Sunday, March 20, 2011

Project Euler Problem 1

I recently attempted many of the simpler Project Euler problems, and decided it would be good to write down my thinking process.  If you don't know, Project Euler is a collection of programming problems with a heavy emphasis on mathematics.  They highly discourage sharing the answers since they want you to solve the problems by yourself, but since answers are already scattered all over the Internet it's up to you to challenge yourself and avoid spoilers.  Consider yourself warned - this post contains solutions and discussions thereof.

Problem statement:  Add all the natural numbers below one thousand that are multiples of 3 or 5.

As a reminder, natural numbers are the set of positive integers.  This problem, despite being fairly simple, actually has a few different approaches, and the simplicity is actually nice because it makes the explanations simple too.

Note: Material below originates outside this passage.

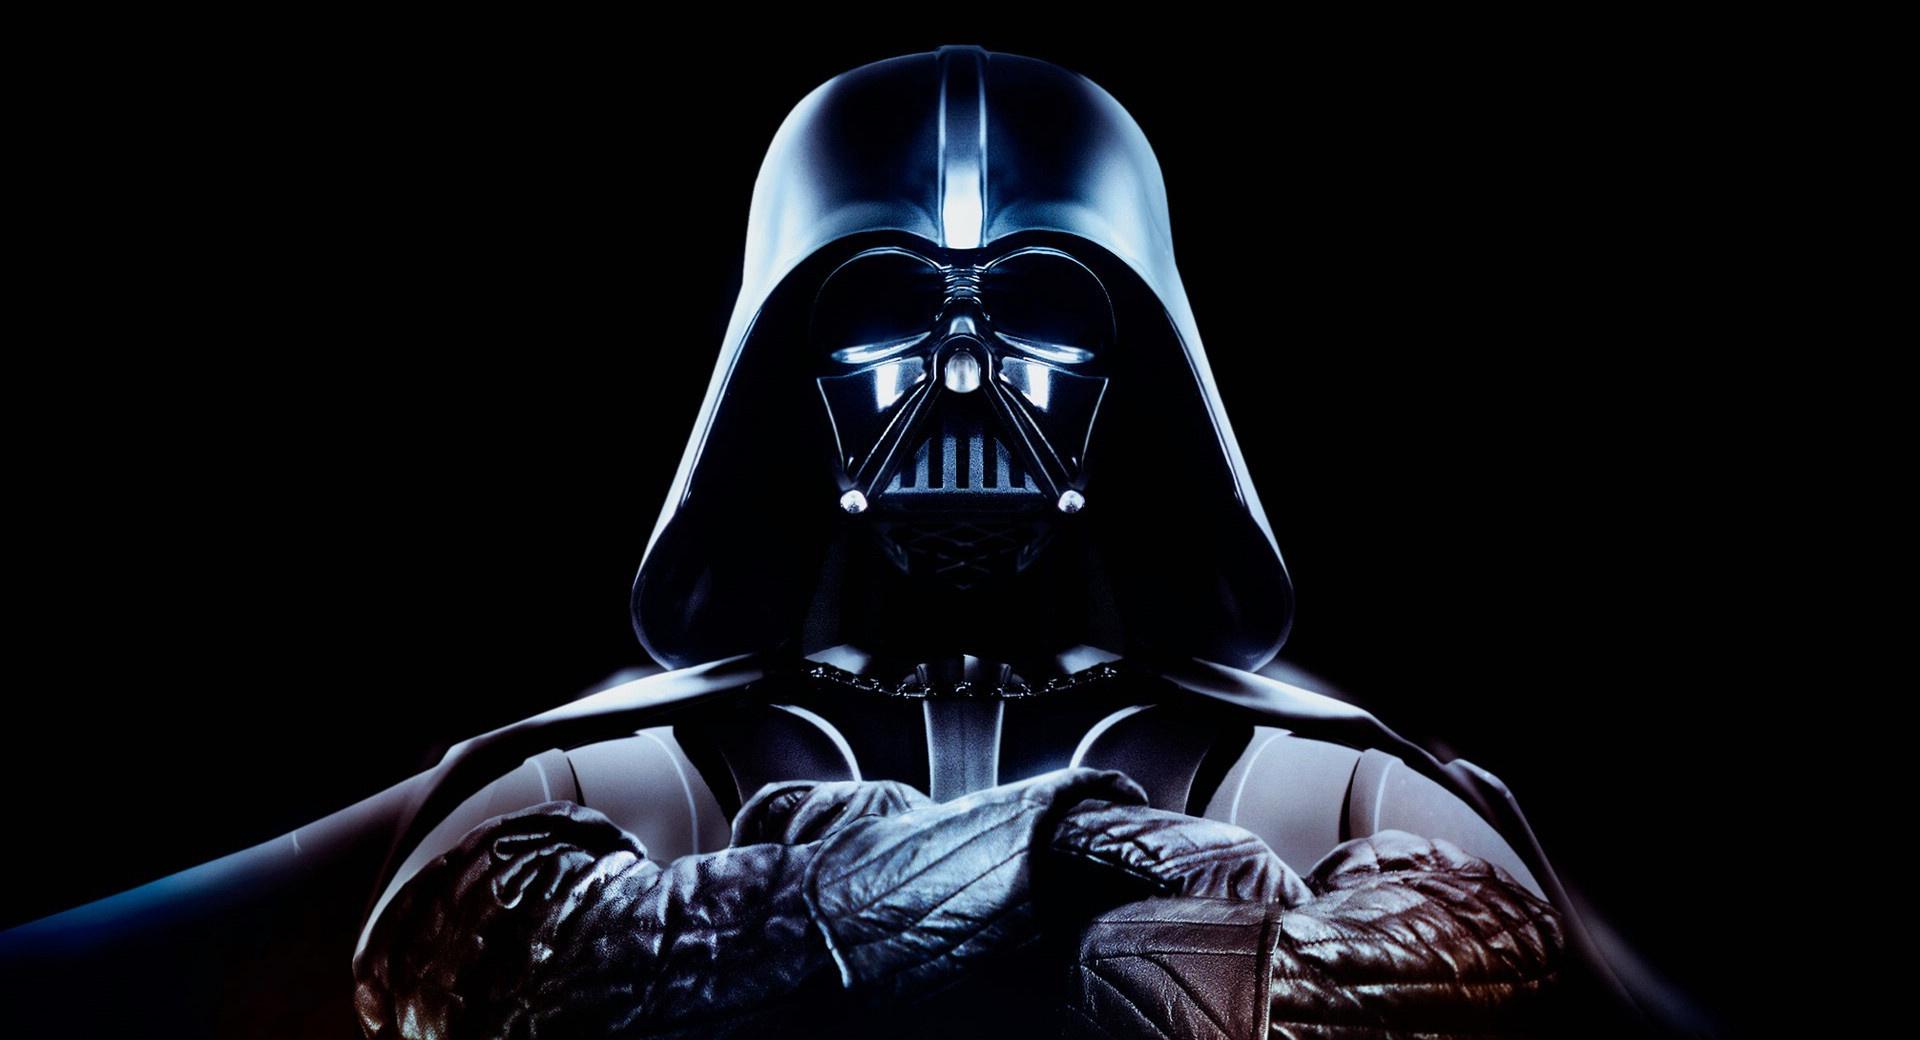 Darth Vader at 1024 x 1024 iPad size wallpapers HD quality

The brute-force approach is to simply loop through the numbers from 1 to 999, and add them to some sum if it's a multiple of 3 or 5:

    public static long sumMultiples(long limit) {
        long sum = 0;
        int[] factors = {  3, 5 };

        for (int i = 1; i < limit; i++) {
            for (int m : factors) {
                if (i % m == 0) {
                    sum += i;
                    break;
                }
            }
        }

        return sum;
    }

This is an O(n * m) algorithm, where n is the limit and m is the number of factors to consider.  For larger values of the input n, this approach would take longer amounts of time because it has to evaluate every single number from 1 to the limit, for each factor.

A slight improvement is to realize that the factors occur in fixed intervals between the values 1 and (limit - 1).  So instead of checking every number, we just hop over the ones that aren't multiples of the factor:


    public static long sumMultiples2(long limit) {
        long sum = 0;
        int[] factors = {  3, 5 };

        for (int factor : factors) {
            for (int i = 1; i * factor < limit; i++) {
                sum += i * factor;
            }
        }

        for (int i = 1; i * 15 < limit; i++) {
            sum -= i * 15;
        }

        return sum;
    }

We see the first for-loop having a nested for-loop, with the terminating condition (i * factor < limit) - this could be improved also by simply doing (i < limit) with the increment set to the factor (in other words, do i += factor instead of i++).  Then there is another for-loop which subtracts the multiples of 15, since these multiples would have been added twice (once when going through factors of 3, and again when handling factors of 5).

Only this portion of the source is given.